Сегодня нам в высшей степени странно читать эти строки. Принявшие подобное решение даже подозревать не могли, что наступит время, когда с таким пренебрежением упоминаемые ими и чудом сохранившиеся годы спустя немногочисленные «весьма мало-ценные и повседневно в хозяйстве употребляемые вещи» поэта займут самое почетное место в экспозициях музеев, а стоимость их на международных аукционах достигнет поистине астрономических сумм.
Если бы опекуны более бережно отнеслись к этим «малоценным вещам» и его одежде! Если бы постарались сохранить их для потомства!
Известно, что из всей одежды Пушкина до нас дошли лишь два его жилета. А между тем вопрос: «Сохранилось ли что-либо из платья поэта?» - очень часто и задавали, и сегодня задают посетители пушкинских музеев.
* * *
Как свидетельствуют современники, деятельность Отрешкова как опекуна оказалась крайне недобросовестной. В опустевшей квартире на Мойке, которую 16 февраля покинула Наталия Николаевна, уехавшая с детьми в деревню, он хозяйничал как в своей собственной.
Много десятилетий спустя младшая дочь Пушкина Н.А. Меренберг, ссылаясь на рассказы матери, скажет М.И. Семевскому: «Опекуном над нами назначили графа Григория Строганова, старика самолюбивого, который, однако, ни во что не входил, а предоставлял всем распоряжаться Отрешкову, который действовал весьма недобросовестно. Издание сочинений отца вышло небрежное, значительную часть библиотеки он расхитил и продал… Мать мою не хотел слушать и не позволял ей мешаться в дела Опеки, и только когда мать вышла замуж за Ланского, ей удалось добиться удаления от Опеки Отрешкова…» (9).

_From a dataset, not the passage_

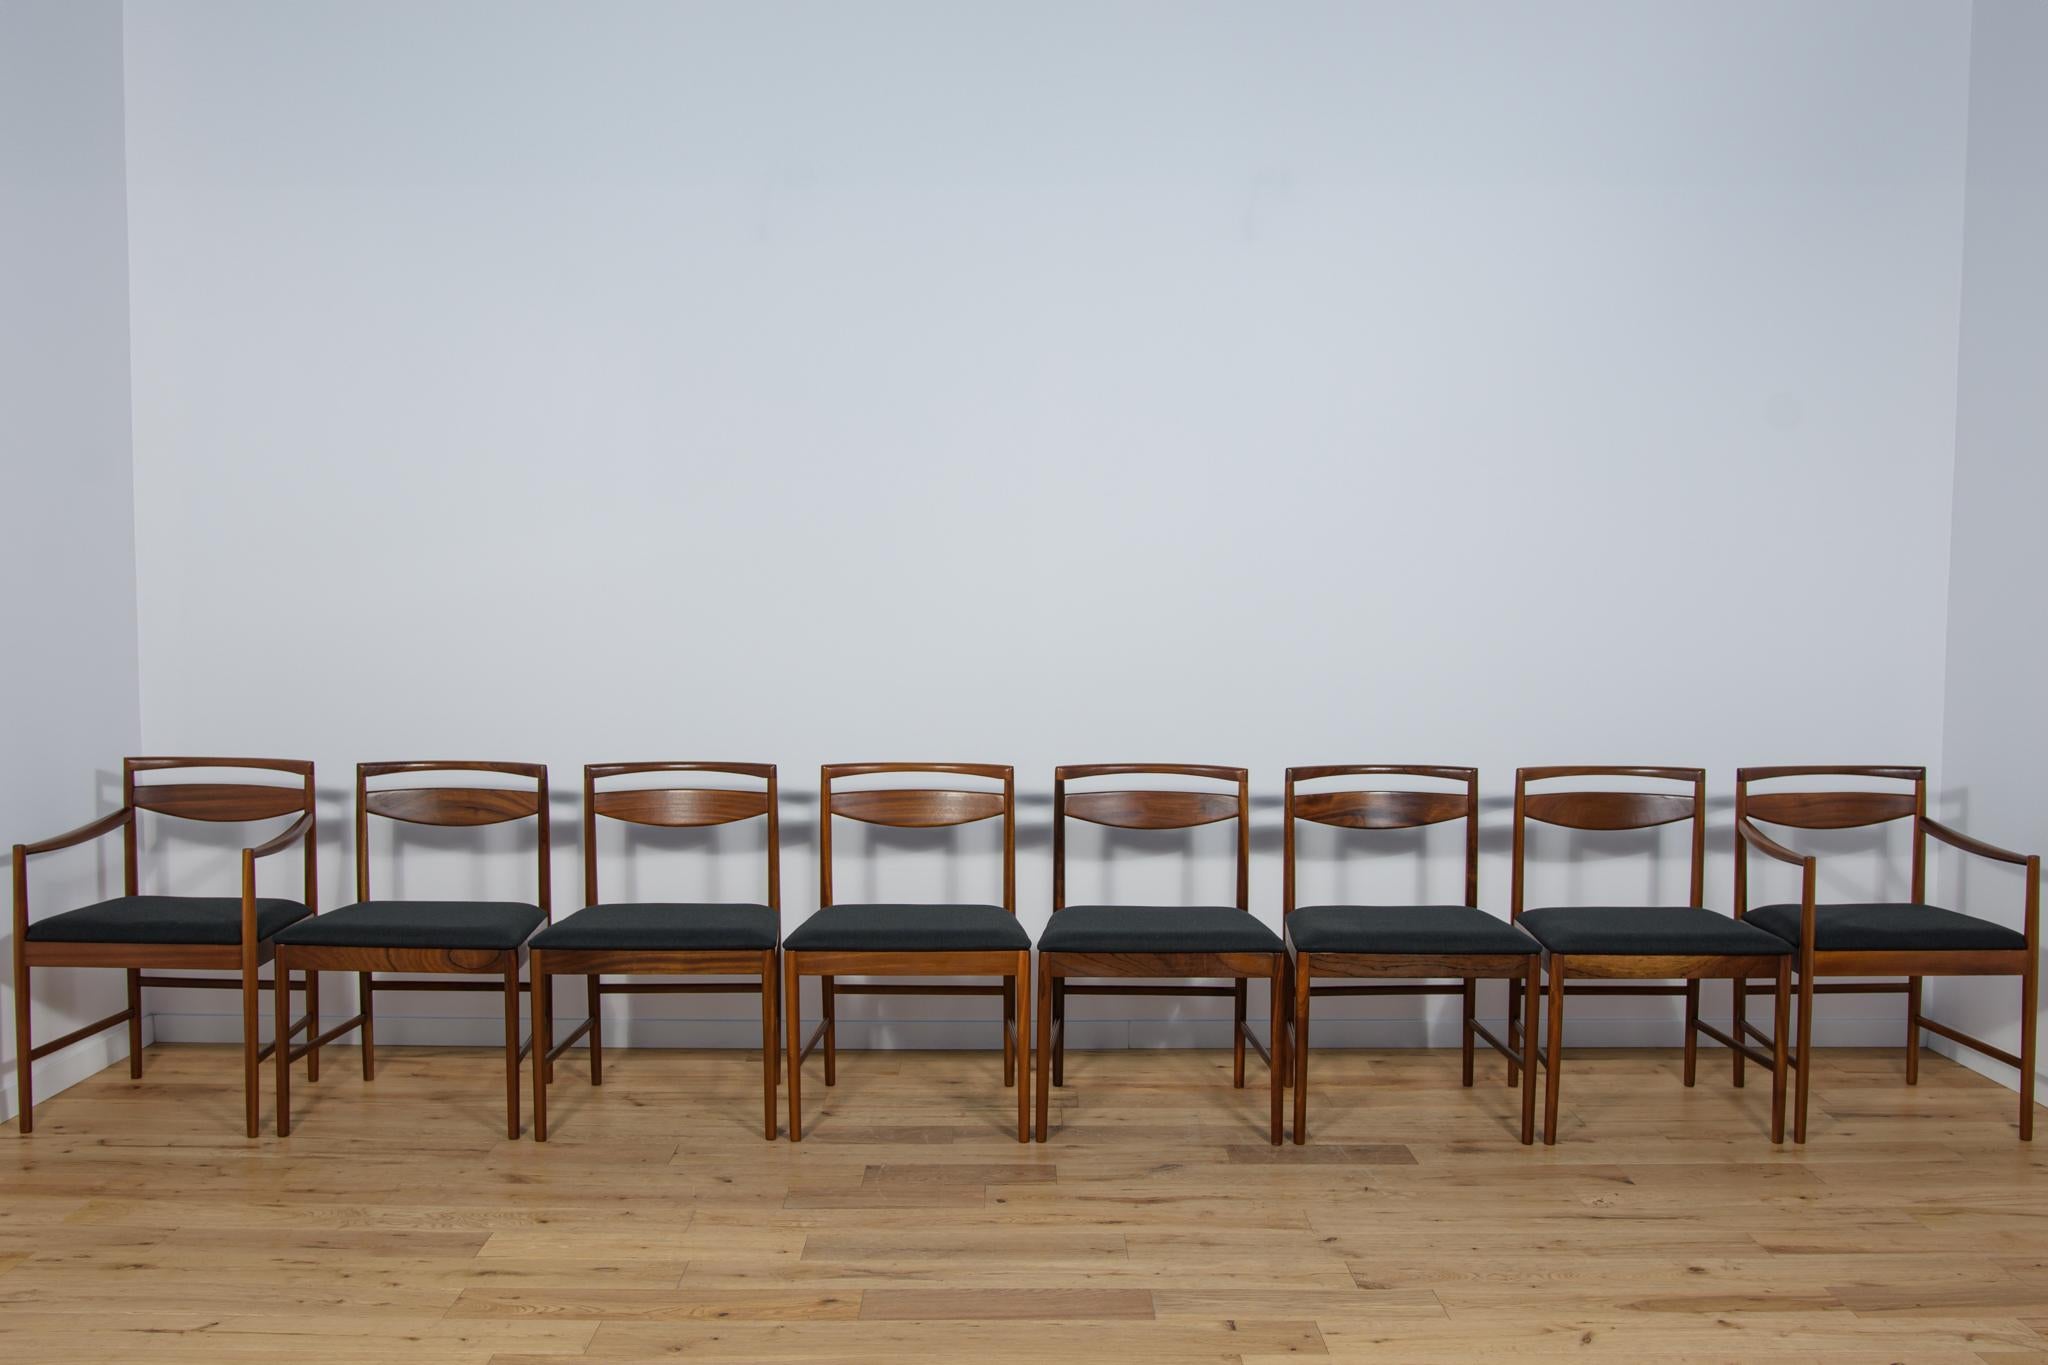 Ein Paar von zwei Sesseln und sechs Stühlen Modell 9513, 1972 von Tom Robertson für den britischen Hersteller McIntosh entworfen. Die Stühle haben ein minimalistisches Gestell im japanischen Stil mit organisch abgerundeten Kanten. Das Set ist aus
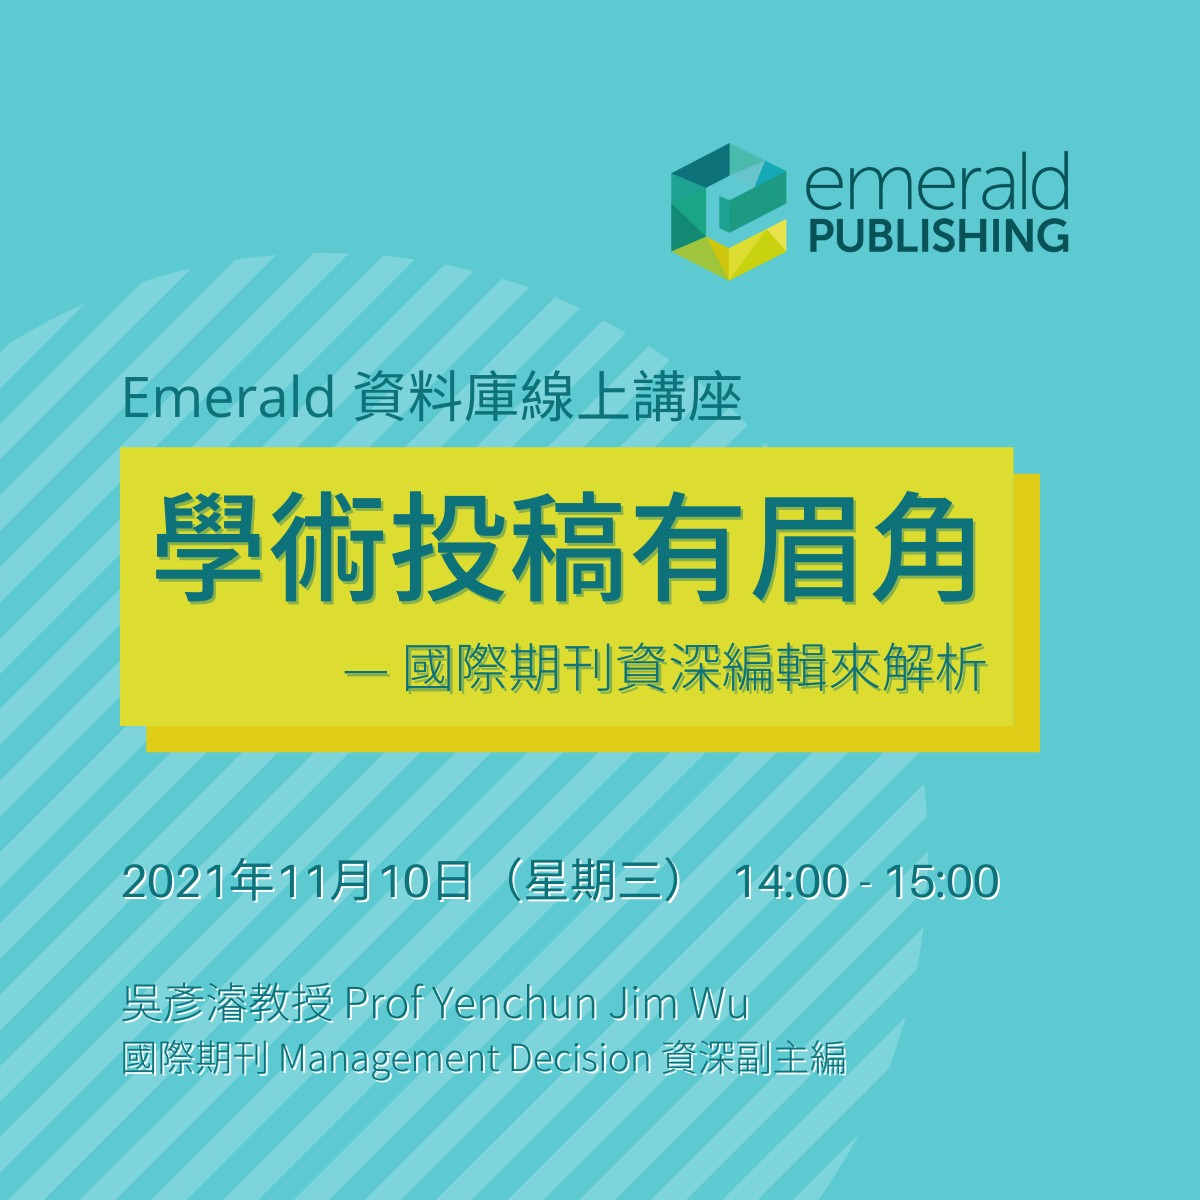 Emerald Webinar: 學術投稿有眉角 — 國際期刊資深編輯來解析

Опись пушкинской библиотеки составлялась Отрешковым с помощью двух приглашенных - молодого литератора Федора Менцова и некоего барона Вельсберха. 13 апреля 1837 года Отрешков писал: «Честь имею препроводить при сем в Опеку опись, составленную всем вообще книгам, оказавшимся в библиотеке А.С. Пушкина на двадцати трех номерованных листах». Опись была скреплена тремя подписями - «Граф Григорий Строганов. Граф Михаил Виельгорский. Н. Атрешков» с припиской: «При составлении сей описи Библиотеки умершего А,С. Пушкина свидетелями были статский советник князь Петр Вяземский, коллежский асессор Павлин Иванов Атрешков» (10).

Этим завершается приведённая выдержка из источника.